Darryl W. Perry: Reforming the justice system by reforming plea bargains


Darryl W. Perry sought the Libertarian Party’s 2016 presidential nomination and presently serves as the vice-chair of the Libertarian Party of New Hampshire. He published the following article on FPP.cc on September 12th, 2016:

Over the last few years, there has been a lot of talk about the need to reform the criminal justice system, however there has been little action and the population in American prisons continues to grow. The most notable aspect of the criminal justice system that needs reformed are mandatory minimum sentences, which have a direct connection to the rise of prisoners in the United States. A rarely talked about, but much needed reform, is the practice of making plea deals with a suspect.

Bill Pursell explains, a prosecutor will often come up with “as many possible criminal counts to ‘stack’ against the defendant in order to strengthen the core case of the prosecution… the Supreme Court said the government may separately try and punish the defendant for two crimes if each crime contains an element that the other does not… a prosecutor can easily circumvent this law in order to lump, for example, drug offenses with conspiracy (some laws like this are broad and easily manipulated to fit many cases), gun use, money laundering, and a laundry list of other charges together.”

This is where the plea process comes into place. A prosecutor will offer the suspect a deal that usually includes dropping several of the charges in exchange for taking a guilty plea. These plea offerings also generally impose a lesser sentence than would be possible if the defendant went to trial. Pursell continues, “Adding more counts will increase the chances of a lengthy and very expensive legal battle, which many defendants cannot afford, and large number of counts can simply make a defendant appear guiltier. All of this pressure can be leveraged onto innocent defendants causing them to believe it is in their best interest to plea-bargain even if they are innocent rather than chance losing in open court.”

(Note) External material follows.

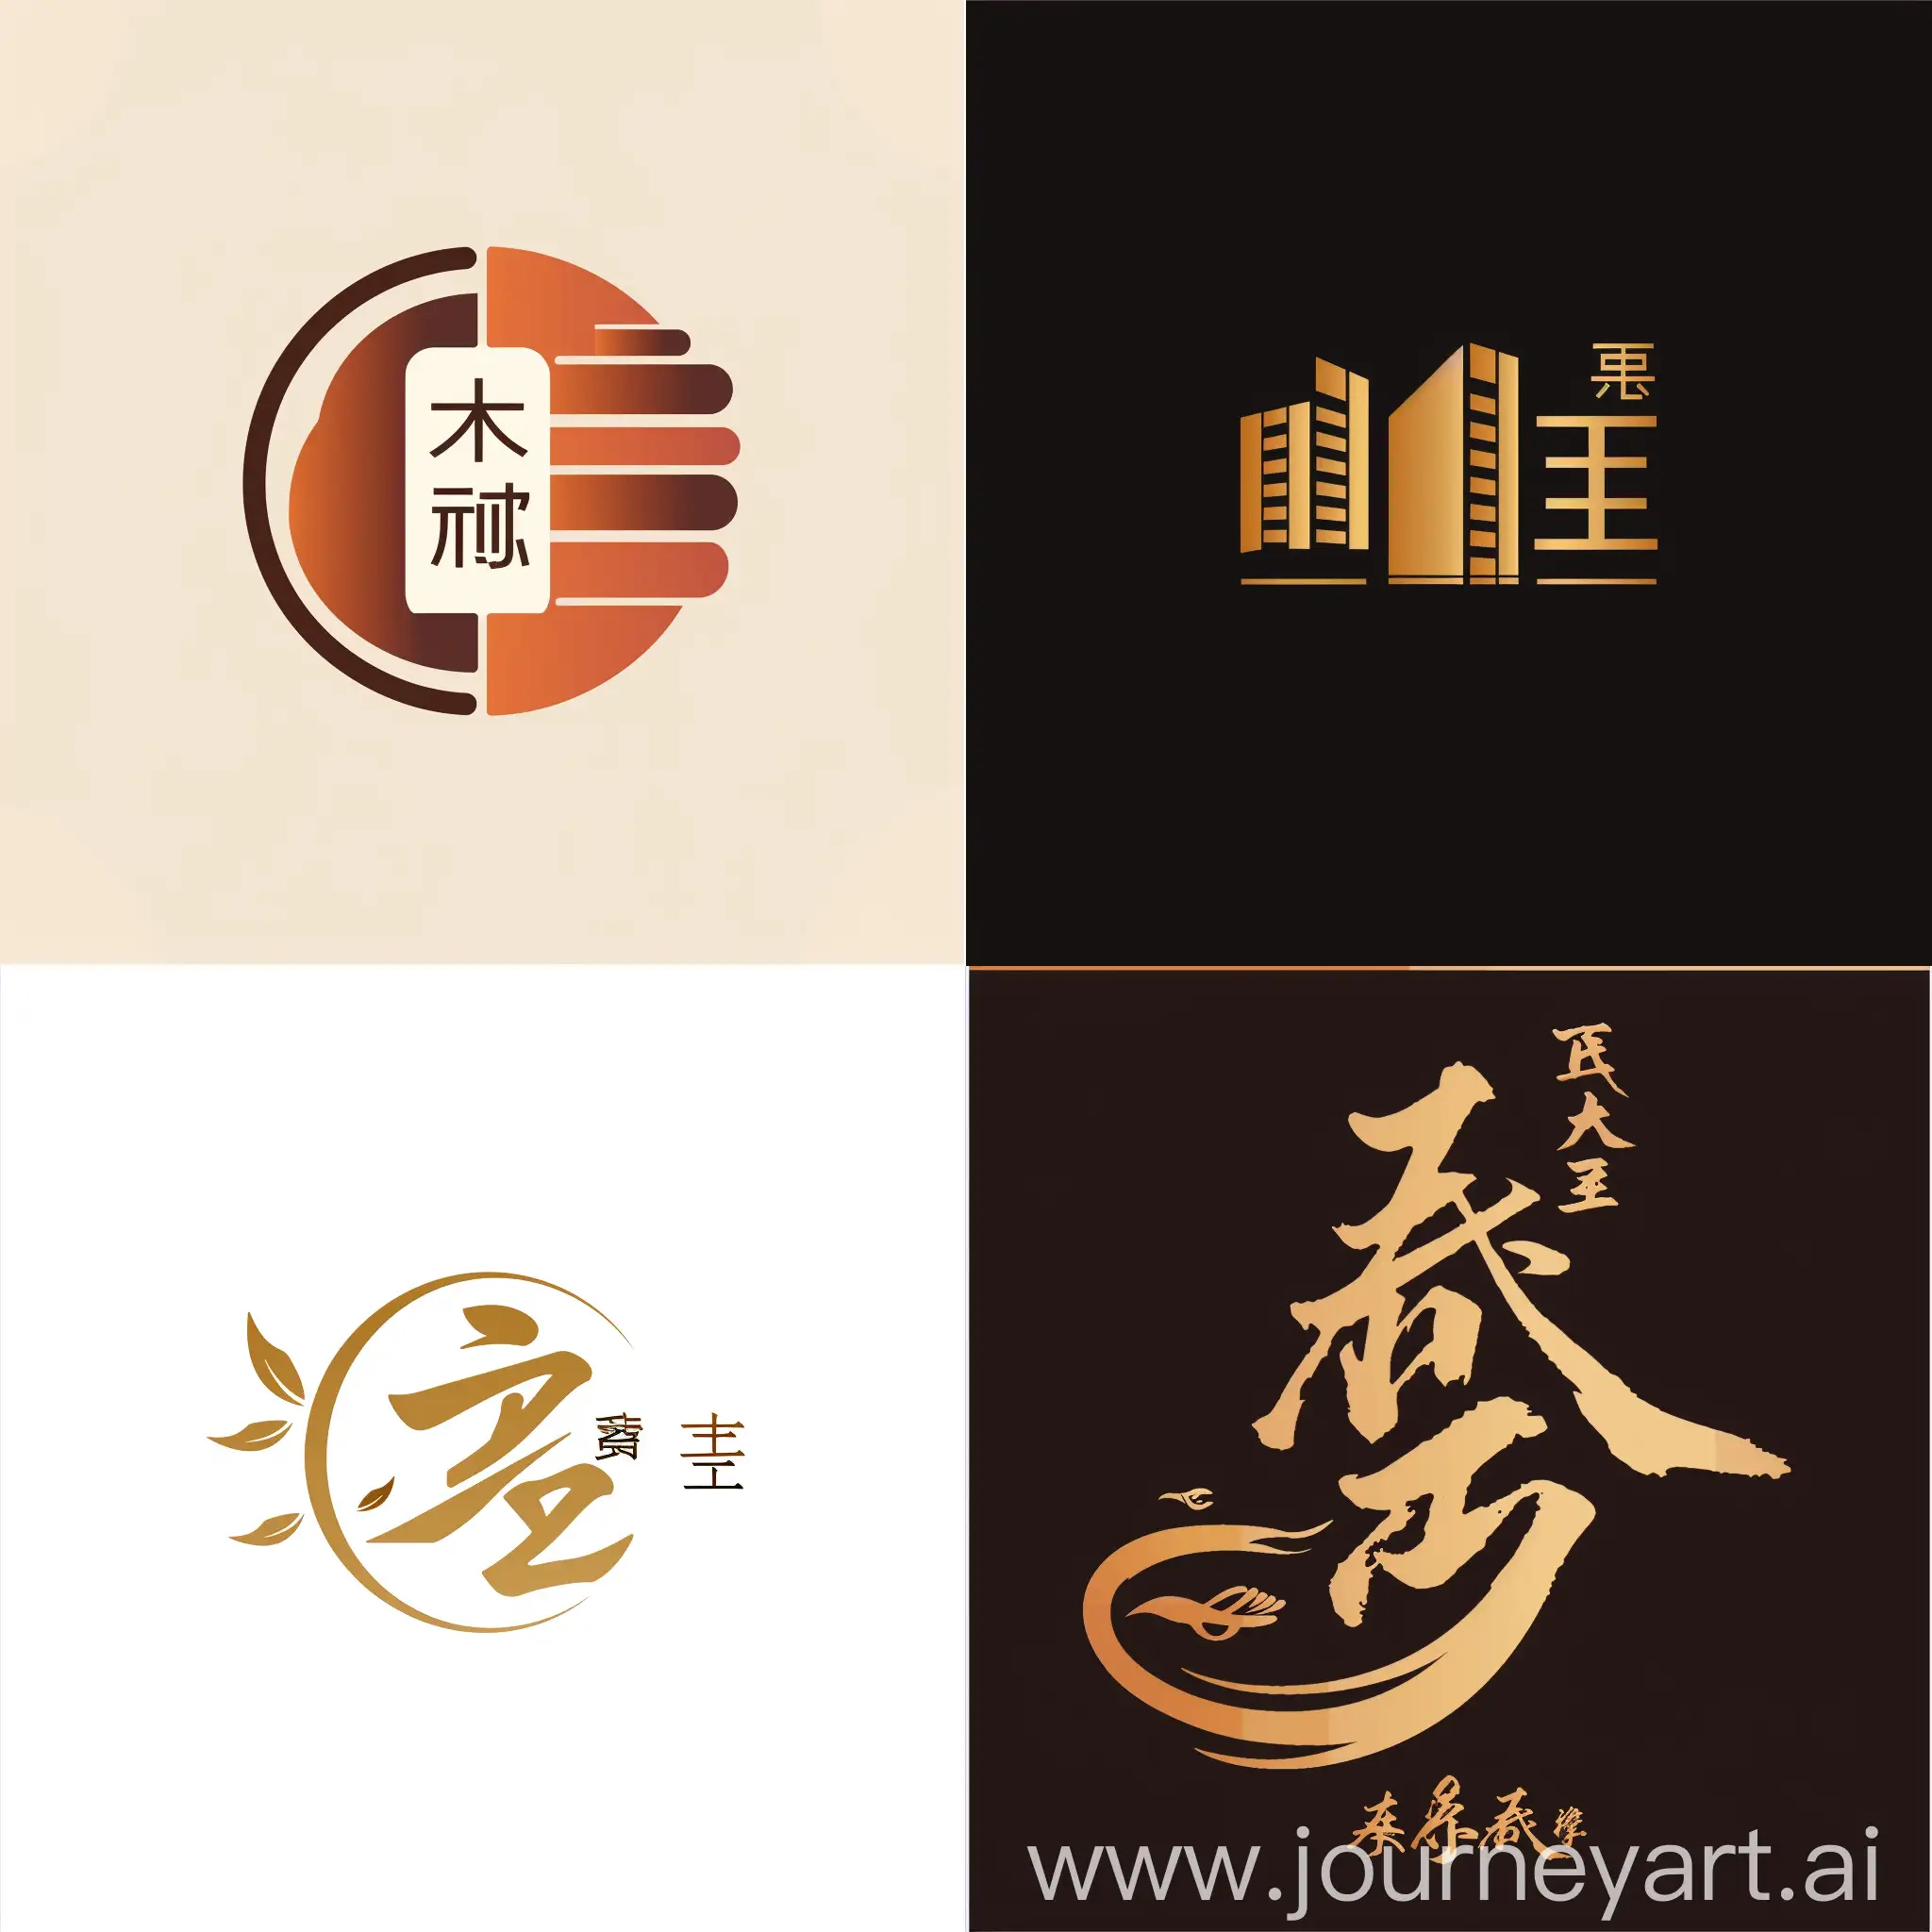 Optitorg-Building-Materials-Company-Logo-Design

One reform floated about that seeks to eliminate this practice is to prohibit a guilty plea. This would then require each offense to be argued in court and a judge or jury to issue a ruling on each charge. On it’s face it seems logical; however this reform would require a court hearing for every parking ticket, speeding ticket, municipal violation, etc, and almost guarantee that no one received a speedy trial.

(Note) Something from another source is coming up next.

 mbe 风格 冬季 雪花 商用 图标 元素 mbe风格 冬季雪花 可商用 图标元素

A better reform, would be to prohibit a judge from imposing a penalty that is more severe than the final penalty offered by the prosecution in exchange for a guilty plea. For example, Rich Paul was charged with four counts of distribution of cannabis and one charge of distributing a substance purported to be LSD. In all, Paul was facing 81 years in prison. However before his trial began, he was offered no jail time in exchange for a guilty plea, there was no mention of how many years of probation he would face. Herefused the plea and was sentenced to 1 year in county jail, 3 years of probation and 1 ½-3 years per offense to be suspended for 3 years.

It seems a bit hypocritical that the prosecution on the day before the trial began would believe that Mr. Paul, or someone else in his shoes, would not need to be incarcerated but after going to trial needs to be locked up. This practice of punishing people for going to trial needs to end. Though seeing the difficulty of eliminating mandatory minimum sentences, it may be a long time before people stop being punished for going to trial.